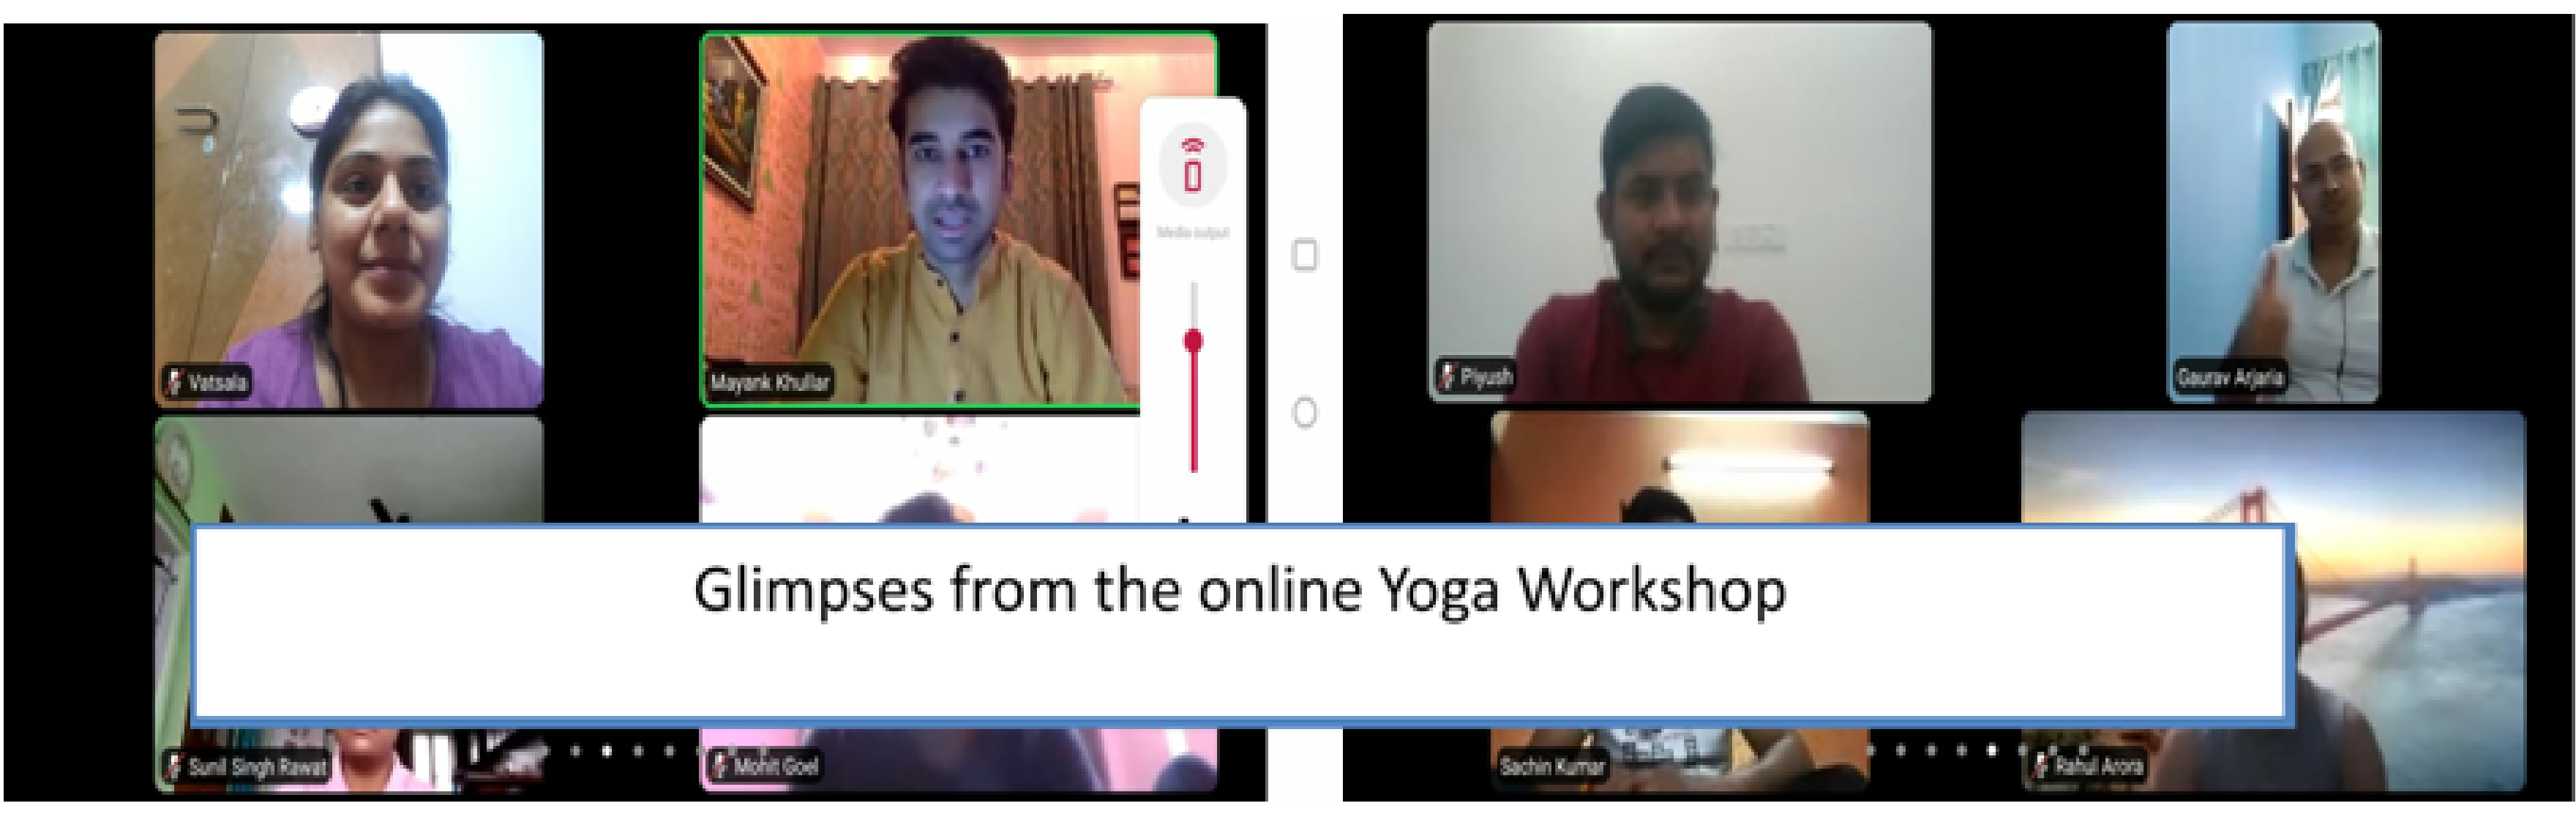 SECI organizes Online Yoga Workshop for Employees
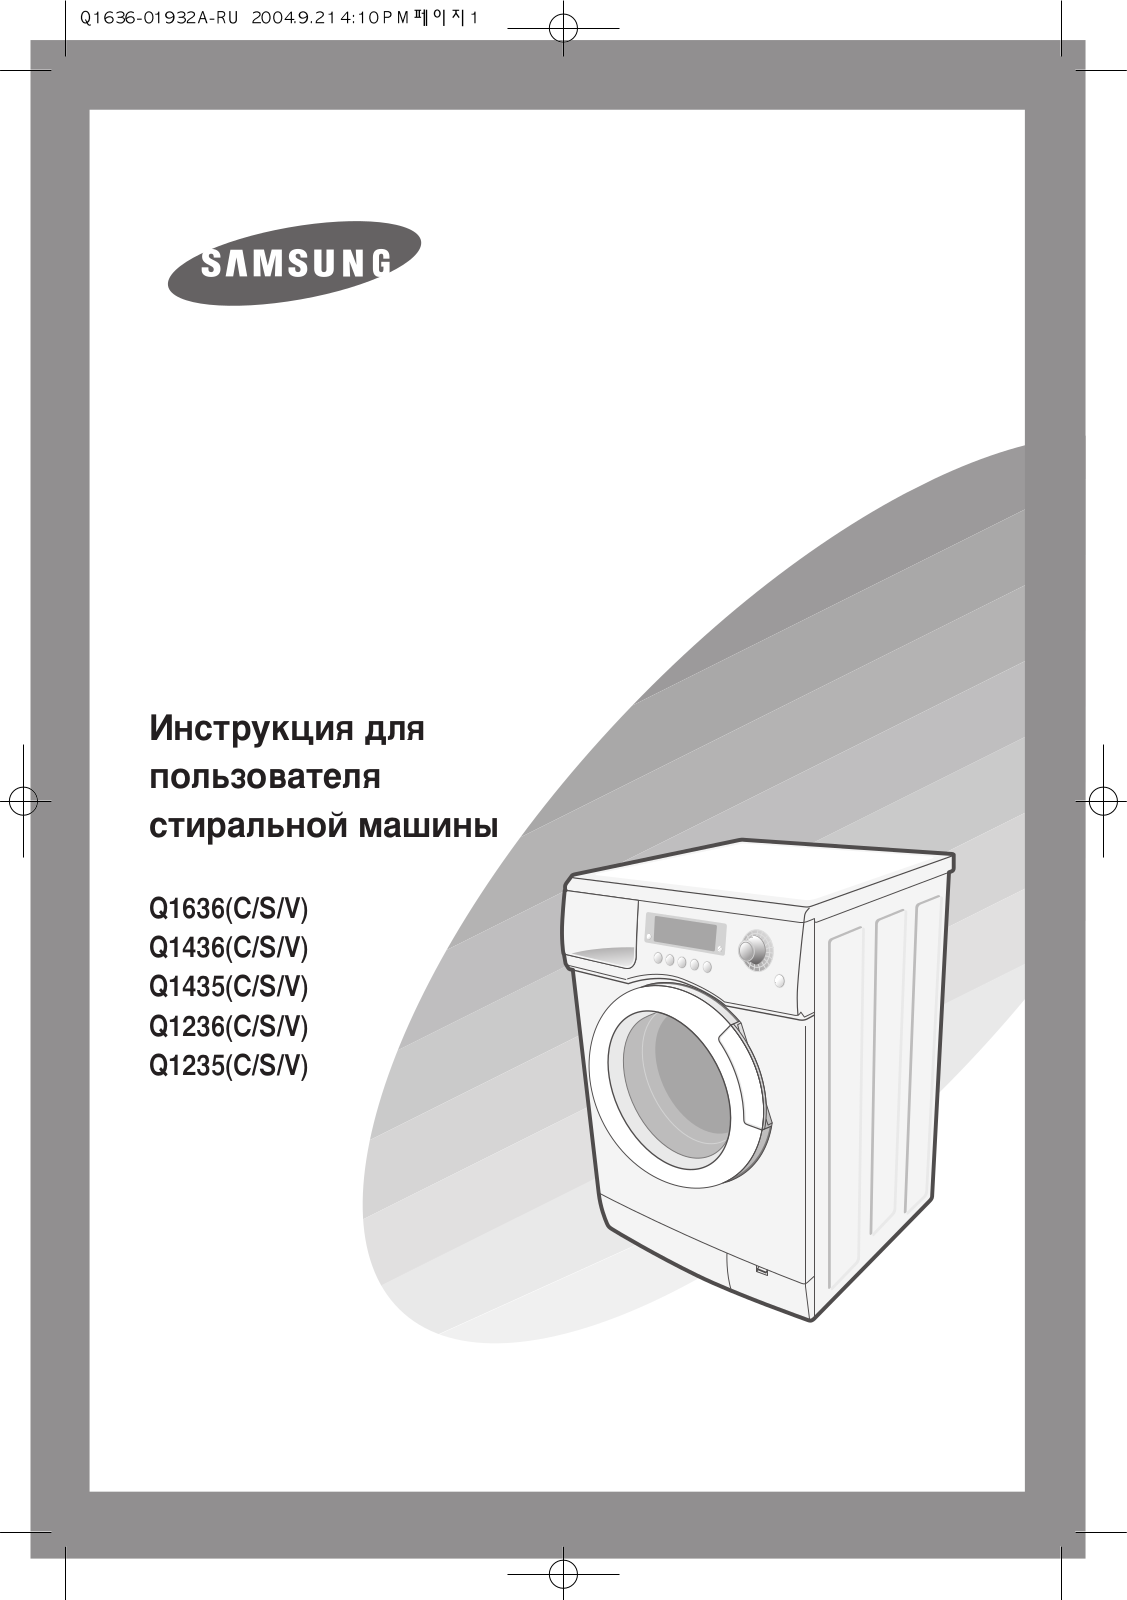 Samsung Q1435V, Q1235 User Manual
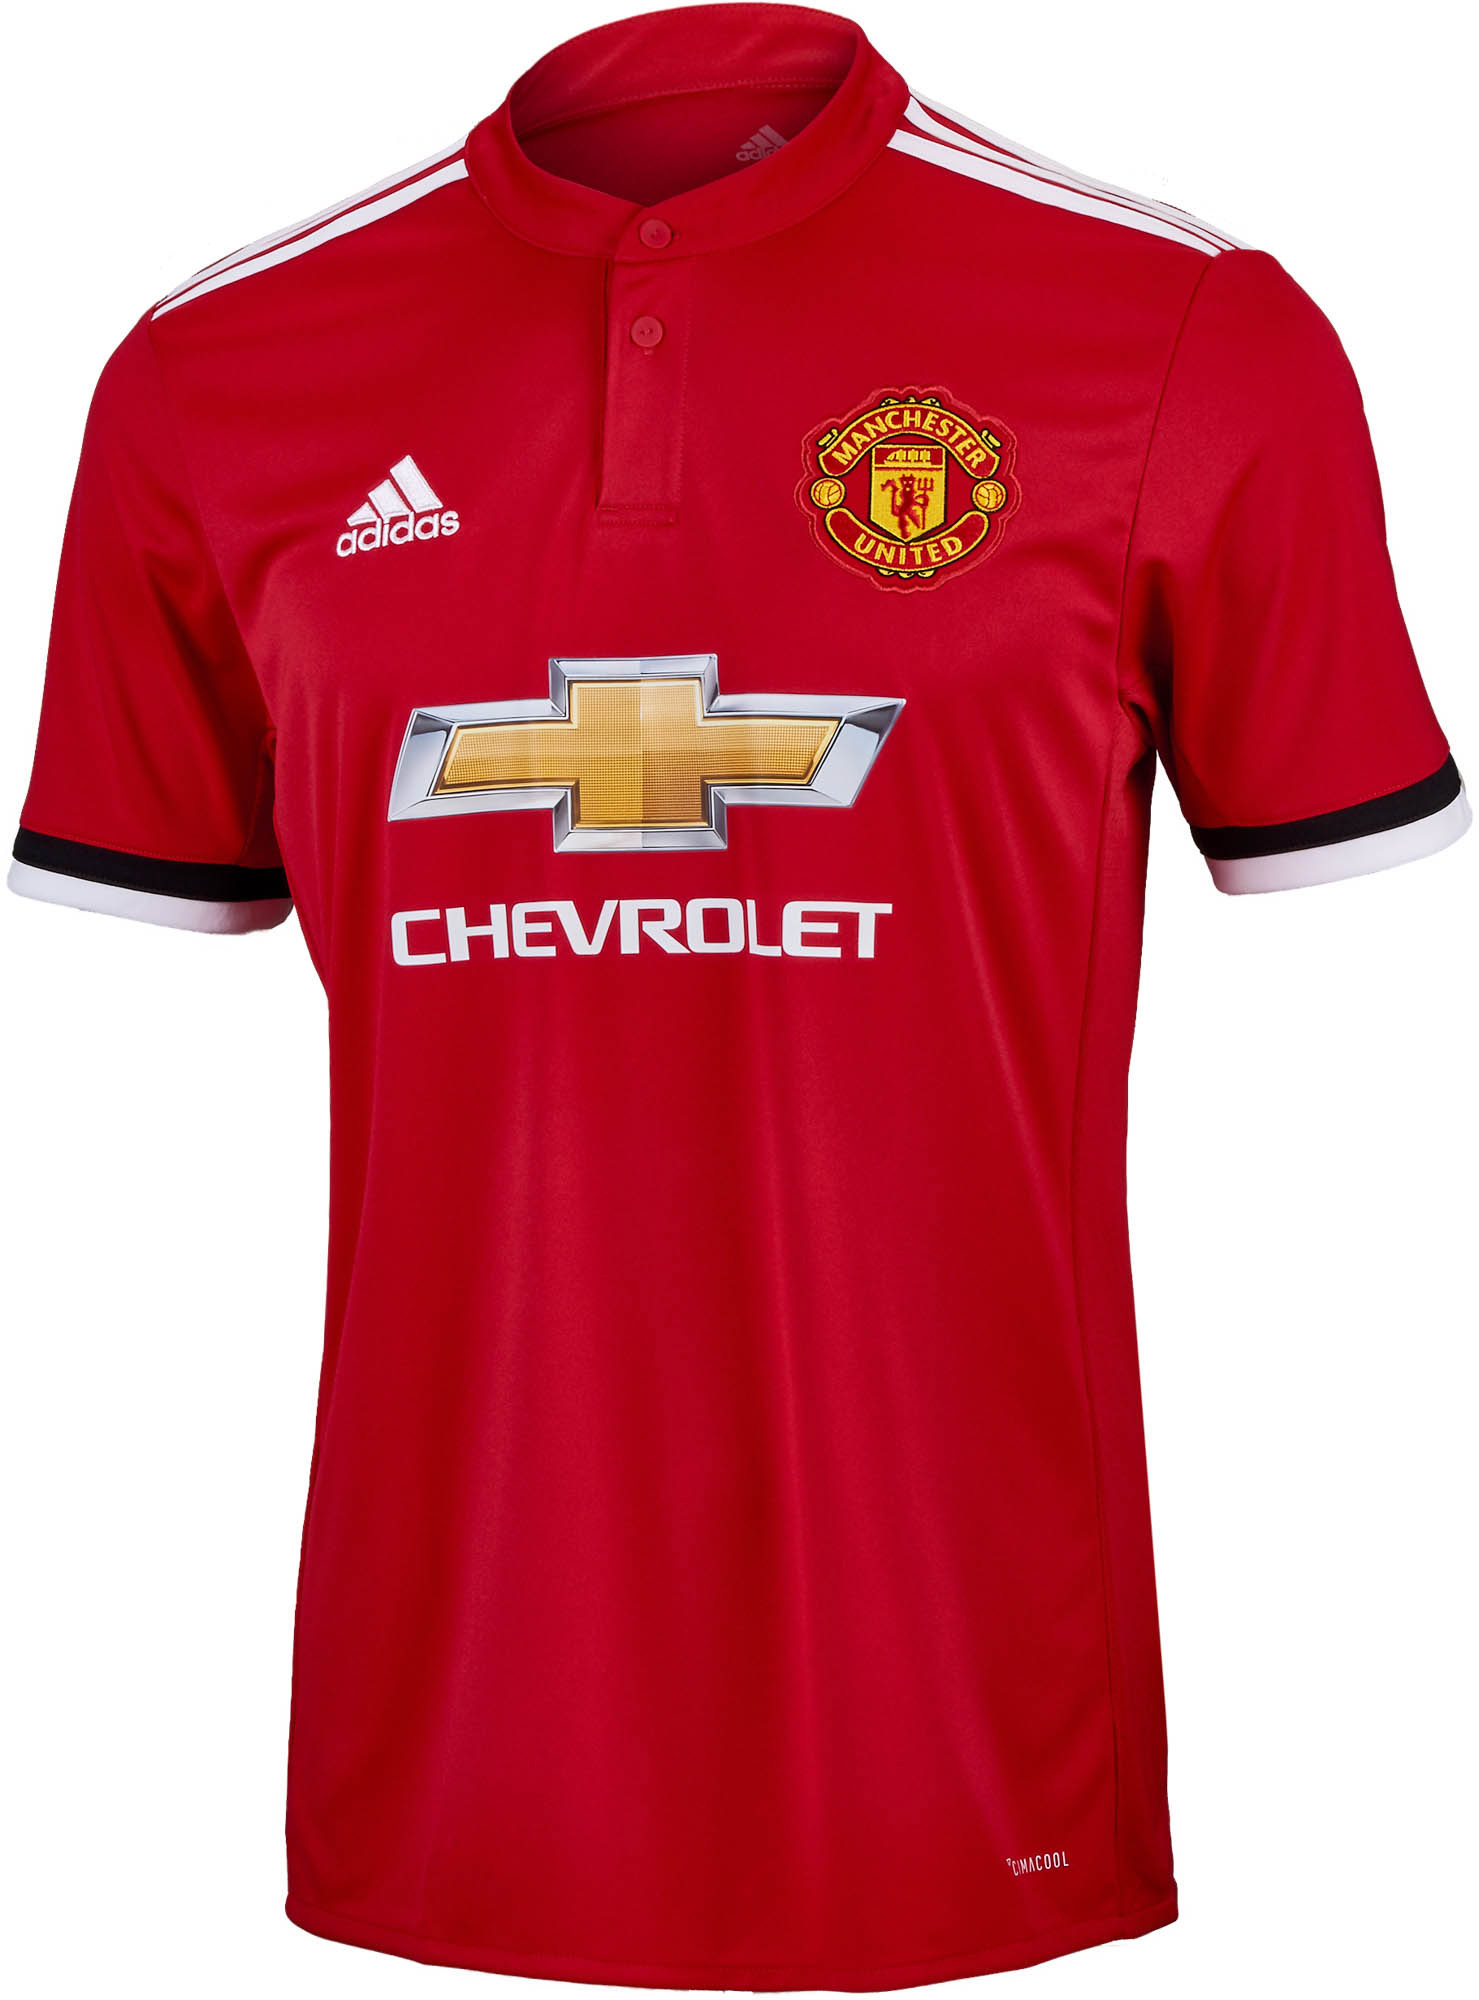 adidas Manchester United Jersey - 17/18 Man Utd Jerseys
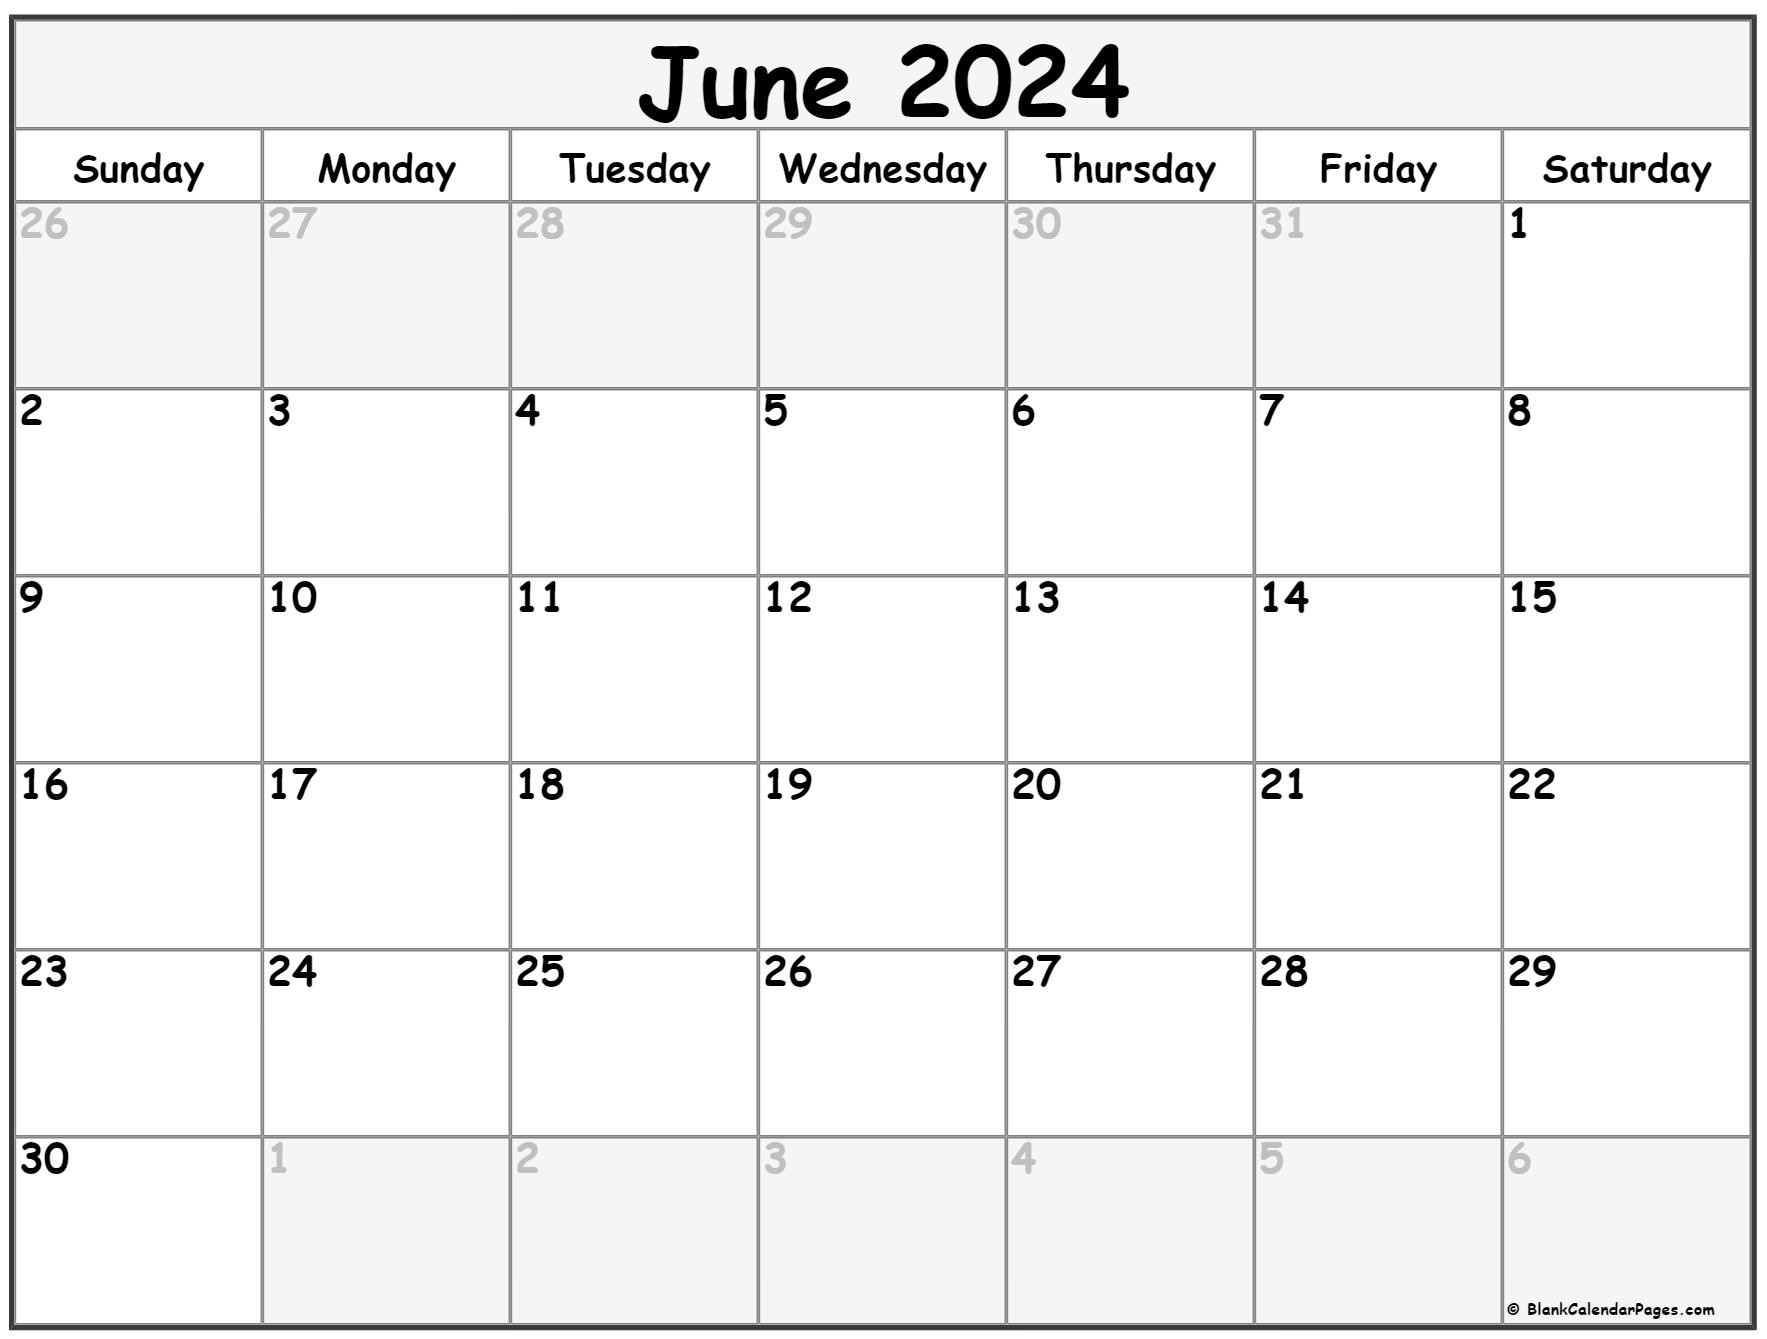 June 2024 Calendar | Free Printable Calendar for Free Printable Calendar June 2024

#### [Problem statement]
Nothing but the lines from the line containing "Samsung Q1435V, Q1235 User Manual" through the last line of the listing above should appear, output exactly, with no pictures.

#### [Response]
 Samsung Q1435V, Q1235 User Manual
 adidas Manchester United Jersey - 17/18 Man Utd Jerseys
 June 2024 Calendar | Free Printable Calendar for Free Printable Calendar June 2024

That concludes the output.